Chris Milton is a freelance writer based in the North East of England. He blogs at the Ragged Wood.

You Just are Racist if You Are White

By Sallust

The title is from an article in the Telegraph by a retired professor of Social Work Education at Dundee University called Jane Fenton. Professor Fenton served as a social worker in the criminal justice system before going into academia to teach the subject. She has plenty to say about what she believes have been destructive changes, and being white has been turned into a synonym for racism:

I have seen situations where social work has saved lives, but in recent years the profession has become captured by fundamentally political concepts that can rob social workers of their agency and, in some cases, put the population at large at risk.

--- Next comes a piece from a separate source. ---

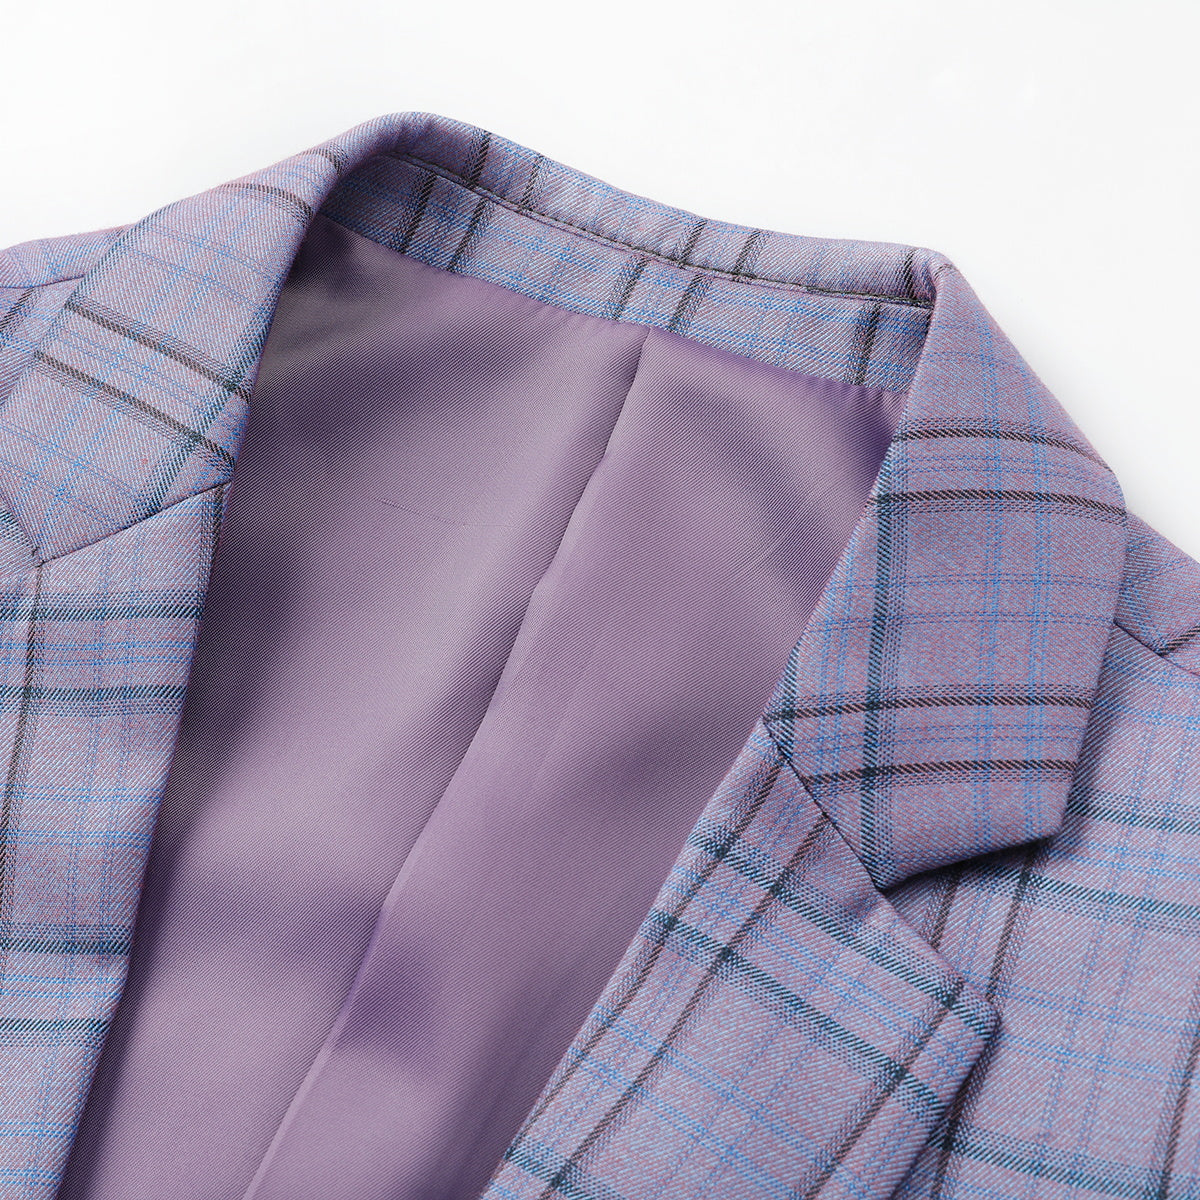 Plaid Stripe Suit Slim Fit 2-Piece Casual Suit Purple

In the past, social work seminars at university were lively places where students would discuss ideas and different approaches to problems. These are the crucial discussions that shape how the social workers of the future will do their jobs.

But around 2015, things changed – Gen Z began arriving on campus, having spent much of their childhood and adolescence on smartphones chasing ‘likes’, and in classrooms where ideas (initially developed in the US) about systemic racism, decolonisation, patriarchy and oppression had taken hold.

Now, if you walk into a social work classroom, you’ll often find silence. This is because many students are afraid to depart from the orthodoxy that has permeated both actual social work and the teaching of it: critical social justice theory.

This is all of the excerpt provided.